Below are some real images acquired with the single-pixel camera. More images can be
found here. Imperfections of the system contribute to additive noise in the obtained images: subtle
nonlinearities in the photodiode, nonuniformity of the mirrors
(reflectance and position), quantization noise at the A/D convertor,
circuit noise in the photodiode. The reconstruction should alleviate
quantization noise and circuit noise.

Figure 2:
Picture from a 'normal' digital camera (Left). Picture from the
single-pixel camera (Middle K=800 measurements, Right K=1600, the
reconstructed images have 64*64=4096 pixels).

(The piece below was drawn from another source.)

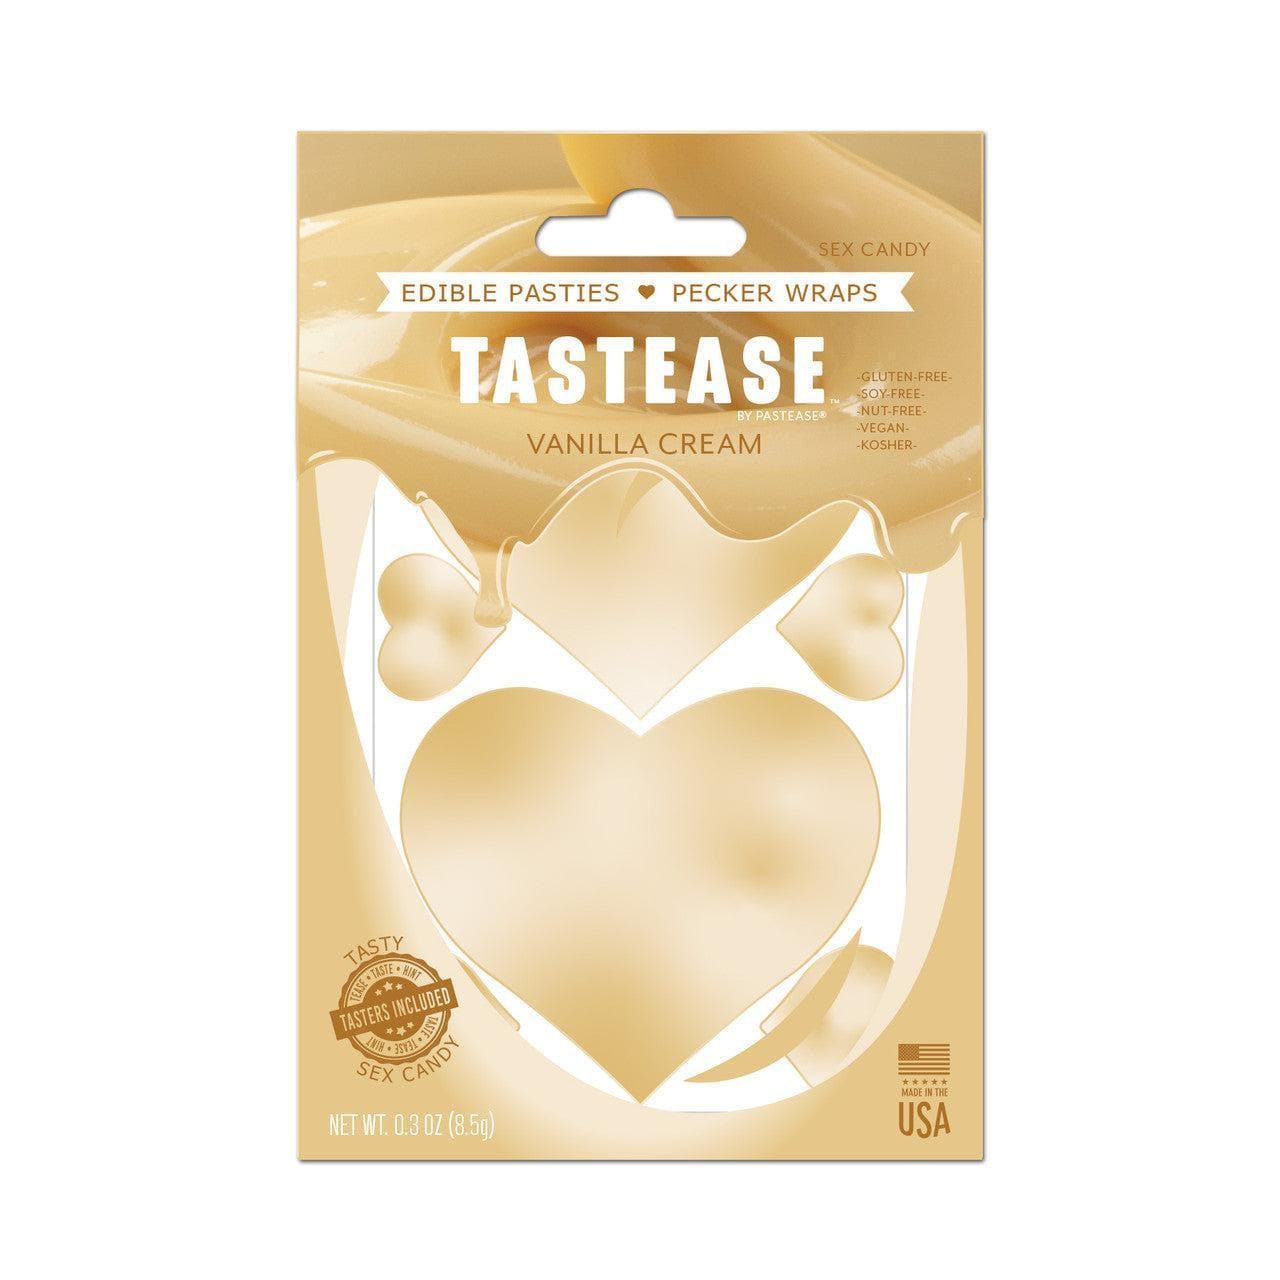 Tastease by Pastease Sweet Cream Candy Edible Pasties & Pecker Wraps - Romantic Blessings

    We performed simulations of compressive sensing, first in an
optics-free case and then using the digital camera simulator ISET. Outside of the DMD which we believe was this one, none of the optical properties of the single-pixel camera were available. We took the following numbers: for the first lens f (focal length) 0.08m, F number 4; for the second lens f 0.1m, F number 4; the photodiode is a single 2.8um*2.8um pixel with integration time 0.101s and geometric efficiency 85% (which does not matter that much since there is a single pixel); we assumed monochromatic light, illuminance 90 cd/m2, and 12 bit digitization. Losses at the DMD were not simulated. For all simulations below, we took K=1024 measurements of a 64 by 64 Shepp-Logan phantom
(N=4096). Note that the reconstruction will work better as N becomes
bigger.
    For the optics-free simulations, we looked at different measurement
matrices.We got almost perfect reconstructions with all of them.

Figure 3:
Optics-free simulations with different measurement matrices. The l2
norm (least squares) performs poorly in all cases. The l1 norm
minimization gives almost perfect reconstruction.

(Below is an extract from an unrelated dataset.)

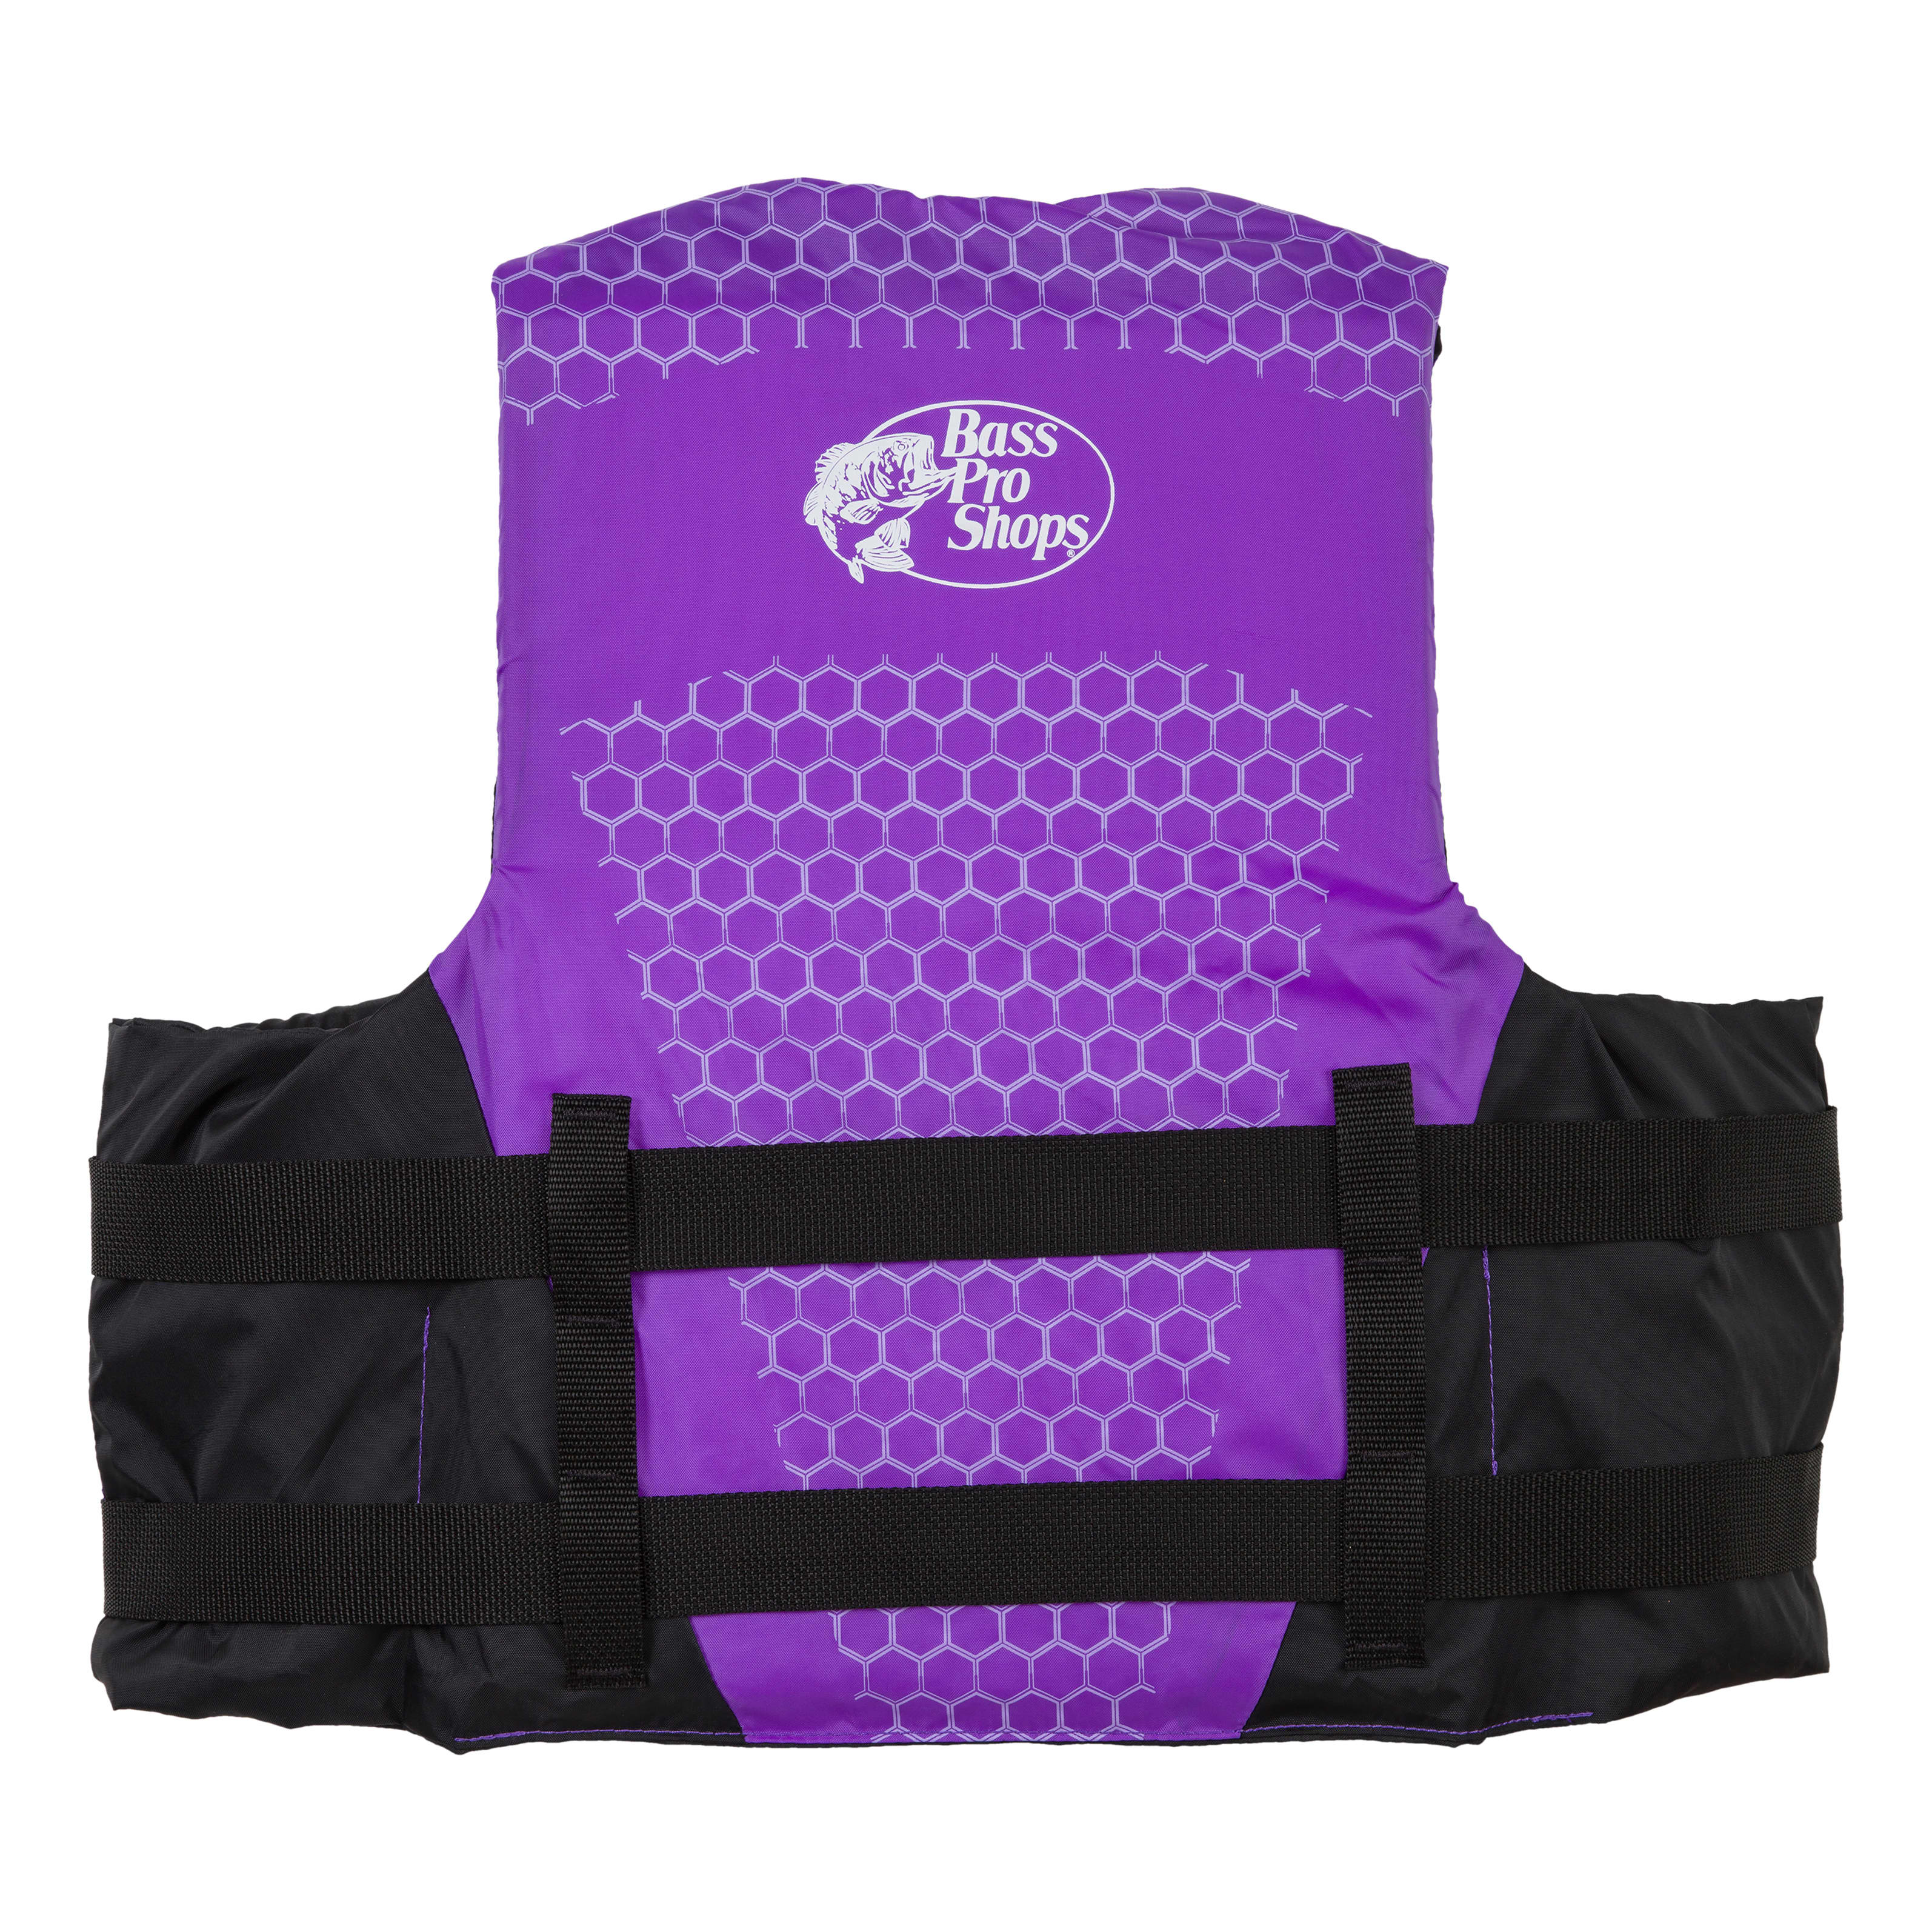 Bass Pro Shops® Traditional Water Ski/Recreational Life Jacket for Adults - Purple - Back View

    For the optics-limited simulations, we used the Hadamard-Walsh basis as measurement basis and adapted the dynamic
range accordingly. As mentioned above, alternative solutions could be found. The digitization is implemented
in a simple way which does not take the effective range of the signal
into account. Empirically, it has been found not to be a limiting
factor (Duarte, 2008). As in the optics-free case, the l1 reconstruction
outperforms by far the l2 reconstruction. However, the reconstruction is
not perfect anymore, as expected.

Figure 4:
Optics-limitics simulations with and without quantization. The l1
minimization reconstruction is much better than the least squares
reconstruction, but the phantom is not perfectly reconstructed anymore
because of the blur introduced by the two lenses.
    In (Duarte, 2008) a Daubechies-4 wavelet basis is used for the sparse
reconstruction (i.e., as basis where the signal is known to be sparse). However, cscamera_test.m provided here is using the mesurement
matrix directly, so we believe that the original signal was assumed to
be sparse, without the need to do any transformation. We used the same
assumption in our simulations. We also tried to used the Fourier basis as sparse
basis (since the Shepp Logan phantom has a sparse Fourier
representation) but did not get good reconstruction so far (even in
the ideal case, without the optics), probably
because of the parameters used and the bad conditioning of the matrices. cscamera_test.m
is using a total variation minimization with quadratic constraints,
whereas we used a total variation minimization with equality
constraints and slightly different parameters. Our goal was not to
reproduce their results (since none of the optics was known anyway),
but to get an idea of the relative contribution of the reconstruction
and the optics to the imperfections seen. We have provided a framework
in which further, more precise simulations, could be performed.